A su lado, Mohammad Abbas firmaba la mejor entrada de su carrera: 42 runs, con dos seis y cinco fours. No fue un simple acompañante. Juntos construyeron una asociación de 121 runs en 123 bolas para el noveno wicket, la más alta contra Inglaterra desde 1984. Una cifra que habla tanto de la calidad del golpeo como del desconcierto del ataque local.

Cuando Abbas cayó, se marchó entre una ovación cerrada. No era solo respeto: era reconocimiento a un esfuerzo que había cambiado el tono del Test. Poco después, casi sobre la hora prevista para el final de la jornada, Razaullah salió de su crease, falló el contacto y quedó stumped por 81. El estadio se levantó otra vez. El debutante se retiraba, pero había dejado una marca imborrable.

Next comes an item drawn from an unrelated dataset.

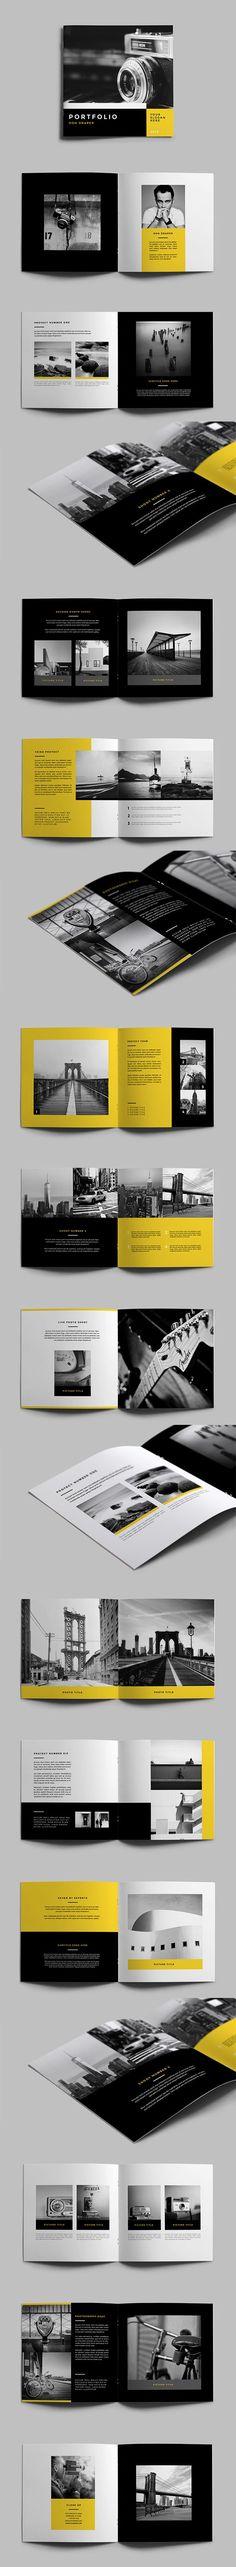 Simple Minimal Portfolio. Download here: http://graphicriver.net/item/simple-minimal-portfolio/11455547?ref=abradesign #portfolio #brochure #design: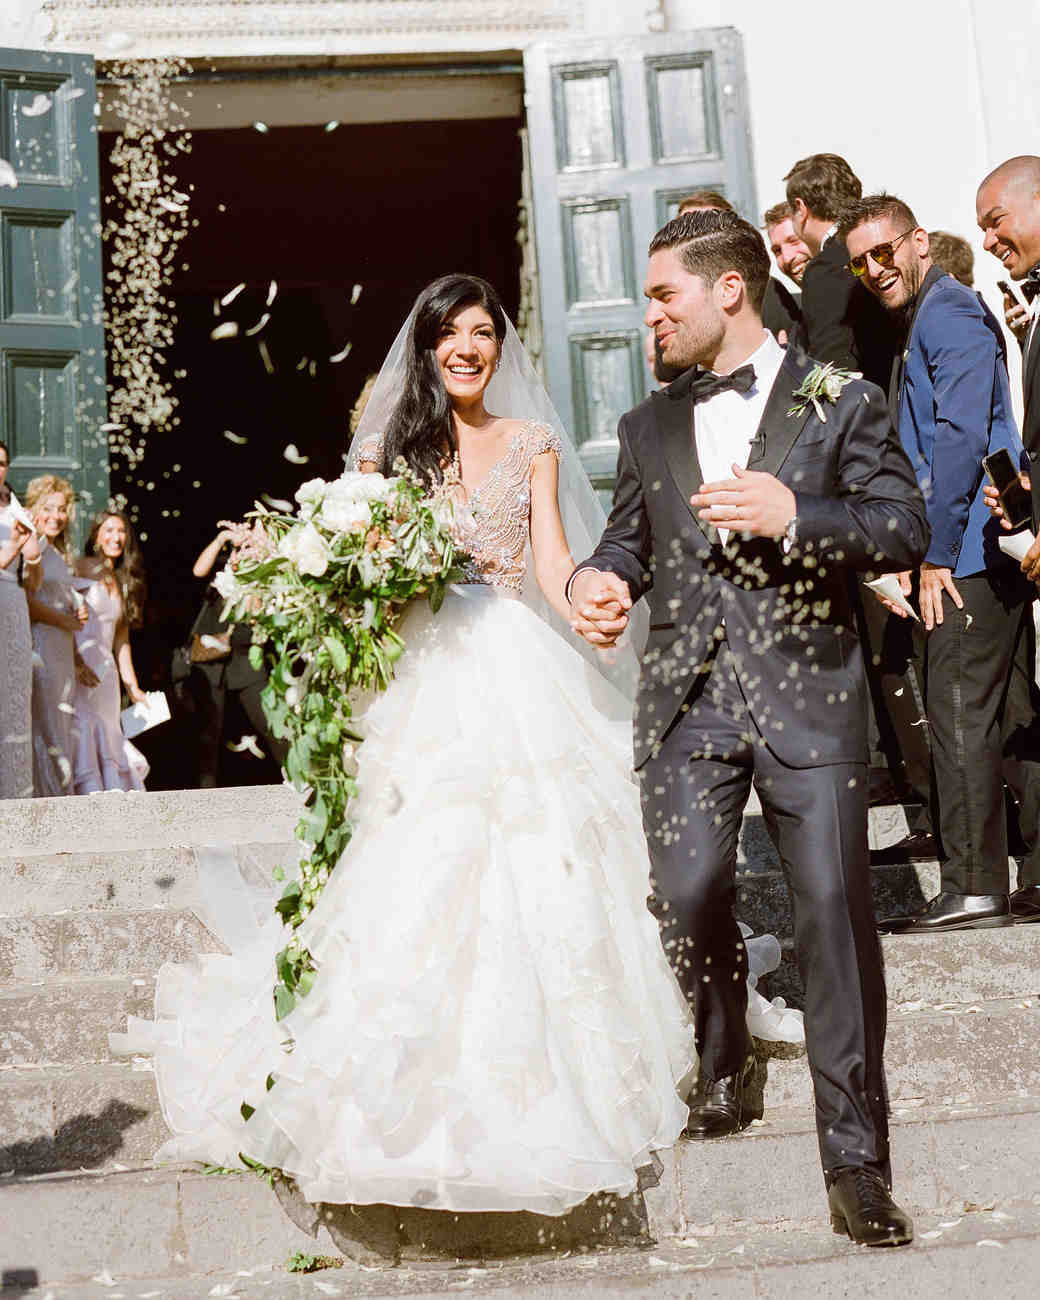 lisa-greg-italy-wedding-recessional-church-103312970_vert.jpg

“El primer día que lo sacan a jugar para Pakistán y enciende el espectáculo”, valoró Ramiz Raja en la BBC. “Esta es la actitud que hacía falta. Alguien con lenguaje corporal fuerte y que cree en sí mismo. Lo van a querer en todos los formatos porque es un natural”. Michael Vaughan fue igual de contundente: “Han descubierto una joya”.

Inglaterra, obligada a responder

Más allá del impacto emocional, los números son demoledores. Pakistán terminó con 449 runs, eliminado en el último over del día, y se aseguró una ventaja de 129. En total, 397 runs en 84 overs en la jornada, con las dos primeras asociaciones de cien de toda su gira. Un cambio radical respecto al equipo desbordado de los Tests anteriores.

El terreno también jugó su papel. El pitch se aplanó, la bola apenas se movió lateralmente pese a las condiciones grises y la disciplina del ataque inglés se resquebrajó. Hubo lanzamientos erráticos, dudas en la estrategia y miradas incómodas hacia la capitanía de Joe Root. Por primera vez en la serie, Inglaterra tuvo que trabajar cada wicket.

Ahora el escenario es muy distinto al imaginado al inicio del día. Inglaterra necesita 130 runs el domingo para cerrar el 3-0 y mantener intacto su dominio en casa. No es una persecución gigantesca, pero llega después de ver cómo un equipo al borde del colapso le marca 449 con la cola de la alineación golpeando a placer.

Pakistán, por su parte, se ha ganado algo más que una ventaja en el marcador. Recuperó orgullo, encontró un héroe inesperado y demostró que, incluso en medio del caos institucional, todavía puede morder. La serie puede que ya esté perdida, pero en Edgbaston, por fin, volvió a parecer un equipo de Test.

Queda una pregunta en el aire: ¿será este el día en que Inglaterra confirme su barrida… o el día en que recordemos que un joven sin miedo cambió el pulso de toda una serie?